Ужин был великолепный, вина превосходные, женщины красивые, молодые, жаждущие веселья, кавалеры же — кровь с молоком и так брызжущие молодостью и задором, что едва могли втиснуться в рамки принятых слов, заученных оборотов и искусственной сдержанности. Они подрыгивали ногами, точно стреноженные жеребцы, глаза их блестели необузданной страстью, и с все растущим нетерпением ждали они начала танцев.
Заремба оглядывал их с немалым удовлетворением и наметанным глазом вербовщика щупал эти бычьи шеи, обмотанные кисеей галстуков, богатырские плечи, затянутые в узкие упругие фраки, проворные ноги, мускулистые руки и открытые лица, перекроенные для показу на модный манер. И радостно представлял себе, как кто-нибудь крикнет властно на всю Речь Посполитую: «К оружию! На коня!» Как сразу облетят с них цветистые наряды, взыграет кровь, дух преисполнится храбрости, и все окажутся там, где должны быть — в поле, бесстрашно преграждая дорогу врагу.
Видел их в вихре битв, дерущихся, как львы, — как вдруг, завидя в двух шагах от себя Изу, быстро нырнул в толпу и стал незаметно пробираться в отдаленные покои.
В последнем — круглом, обитом зеленым шелком и уставленном изящной мебелью — собрались вокруг посла все те, кто представлял соль земли, ее мысль и совет и в то же время ее защиту.

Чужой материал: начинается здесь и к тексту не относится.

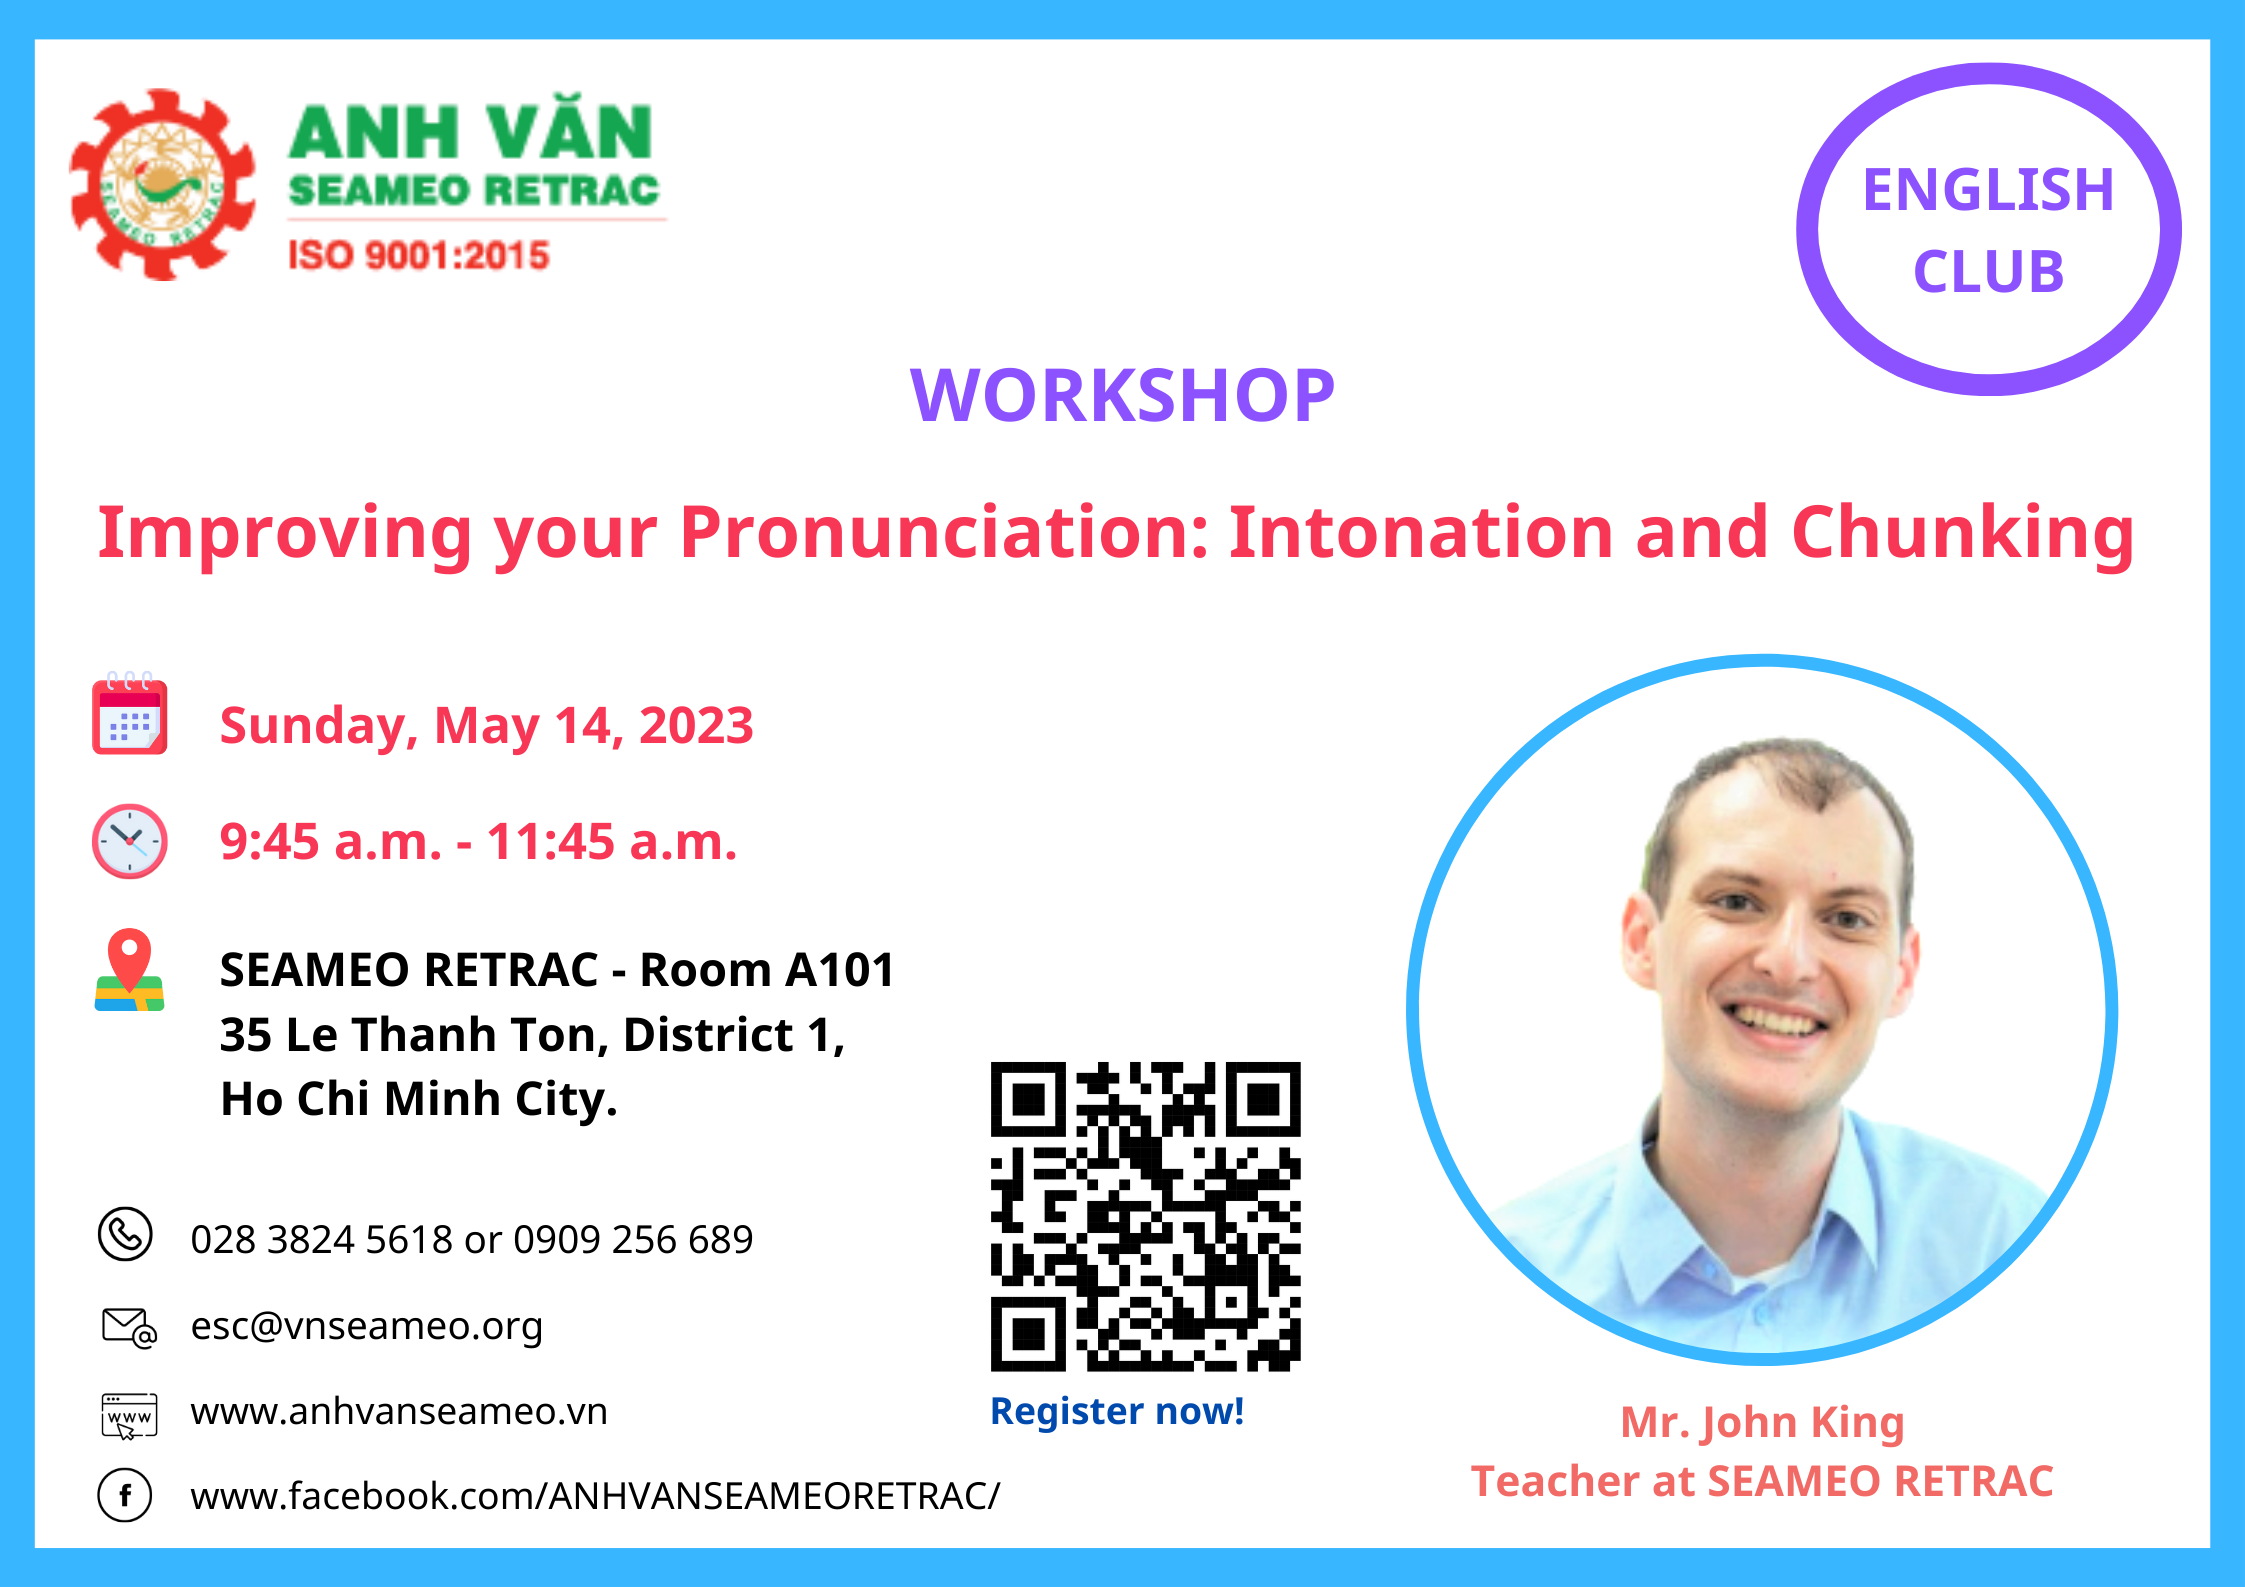 Workshop on “IMPROVING YOUR PRONUNCIATION: INTONATION AND CHUNKING”

Сиверс сидел в низком кресле и, прихлебывая воду, настоенную на померанцевых цветах, водил усталыми глазами по лицам, бросая время от времени какое-нибудь милостивое словцо. Все стояли кругом, пожирая его глазами, внимая каждому его слову с таким волнением, что, когда он поднимал голову, все глаза впивались в его морщинистые щеки, точно пчелы, привлеченные приманкой. Когда же он молчал, нюхая табак и не предлагая его никому, лица меркли, облекались тревогой и беспокойством, а стоило ему только сделать движение, как толпа бессознательно тоже вздрагивала, и головы вельмож клонились с радостным шепотом, словно зрелая нива, к ногам хозяина.
Но вот он поднялся и стал расхаживать по комнате. Все расступались, точно перед святыней, подобострастные взгляды стлались к его ногам, и подлое угодничество в каждом лице ждало хоть одного его слова, хоть одной его милостивой улыбки.
Заремба едва сдерживался и, захлебываясь от негодования, убежал обратно в зал, забился под хоры и дал волю дикой и злобной молитве.
— Веревок и палача! — шипел он побелевшими губами. — Какой позор, какой позор! — повторял он, бичуя себя мысленно до жгучей боли.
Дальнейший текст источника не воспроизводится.